Запомни и живи | страница 23



В цикле стихов «Московские раздумья» (январь — февраль 1921), написанных в продолжение «Ночей в Крыму», мысли о «новом веке» окрашены в суровые тона московской жизни:

Москва! Москва! Безбытье необжитых будней,
И жизни чернота у жалкого огня.
Воистину, велик и скуден
Зачин неведомого дня.

Новые пророчества — точные, ясные, беглый рисунок будущего не сатиричен, но всё же не противоречит замятинской антиутопии:

Провижу грозный город-улей,
Стекло и сталь безликих сот…

Эренбург не отвергает грандиозного плана, думая о котором, соотносит Ленина с Петром, хотя, симпатизируя «размытому уюту» прежних дней, сочувственно допускает, что:

Какой-нибудь Евгений снова возмутится
И каменного истукана проклянет —
Усмешку глаз, и лик монгольский,
И этот трезвенный восторг…

Он искренен, когда признается: «Революция, трудны твои уставы!» и когда надеется, что его будущий читатель:

Средь мишуры былой и слов убогих,
Средь летописи давних смут
Увидит человека, умирающего на пороге,
С лицом, повернутым к нему.

В марте 1921-го, переполненный нереализуемыми в Москве литературными планами, среди которых сатирический роман «Хулио Хуренито» (этот замысел обсуждался с Бухариным, именно под него была получена «командировка») и книга о новом левом русском искусстве, напомнившем прорывы в будущее ротондовских художников, рукописи стихов и «Портреты русских поэтов», начатые еще в Киеве, а законченные в Москве, — со всем этим духовным и материальным багажом Эренбург сел в вагон «Москва — Рига» и отбыл с женой на Запад, намереваясь осесть в Париже. Уже в поезде он написал стихи, в которых есть внутренняя раскованность, какой, пожалуй, не хватает «Московским раздумьям»; она и в признаньях: «Повторить ли, что я не согласен, / Что мне страшно?..», и в зарисовках, и в откровенной надежде на недалекое будущее, когда Москва забудет «обиды всех разлук» и ответит «гулом любящим на виноватый стук».

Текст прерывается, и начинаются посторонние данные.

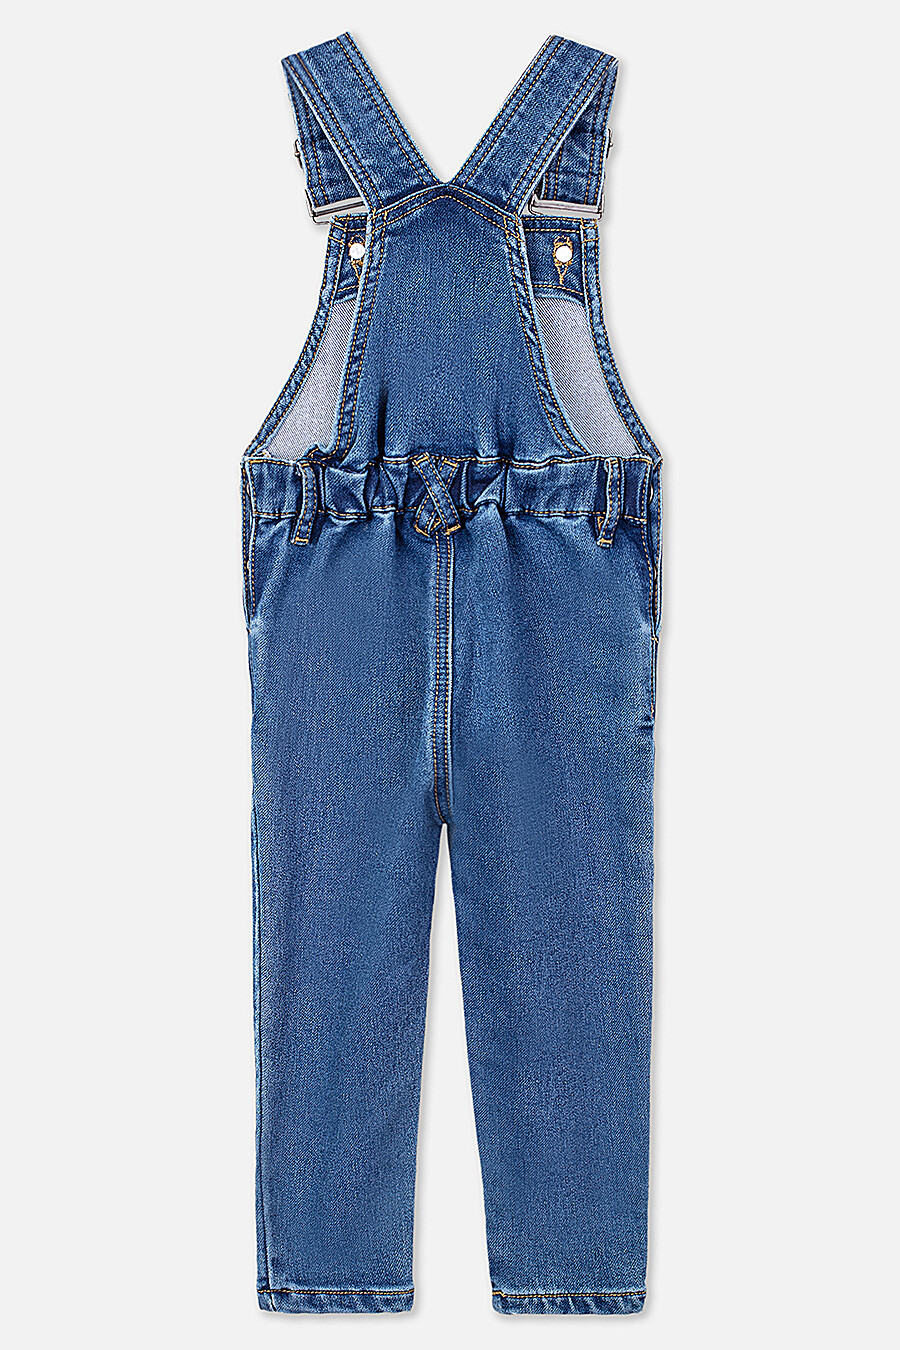 Комбинезон для мальчиков PLAYTODAY 147417 купить оптом от производителя. Совместная покупка детской одежды в OptMoyo

Начинается новая, уникальная для тогдашнего русского литературного мира полоса жизни Эренбурга: на Западе, но с советским паспортом. Она продолжалась почти двадцать лет, приносила победы и горести, благополучие и лютое безденежье, почти полную свободу и литературные обязанности, жизнь, которой одни завидовали, другие ее осуждали, жизнь, на которую ссылался Замятин, прося Сталина отпустить его в Париж, жизнь, за которой всегда присматривала Москва — иногда сочувственно, иногда очень опасно. Стихи писались лишь поначалу этой жизни (отчасти как бы между прочим, по инерции) и в ее конце — совсем всерьез, и — лучшие у Эренбурга.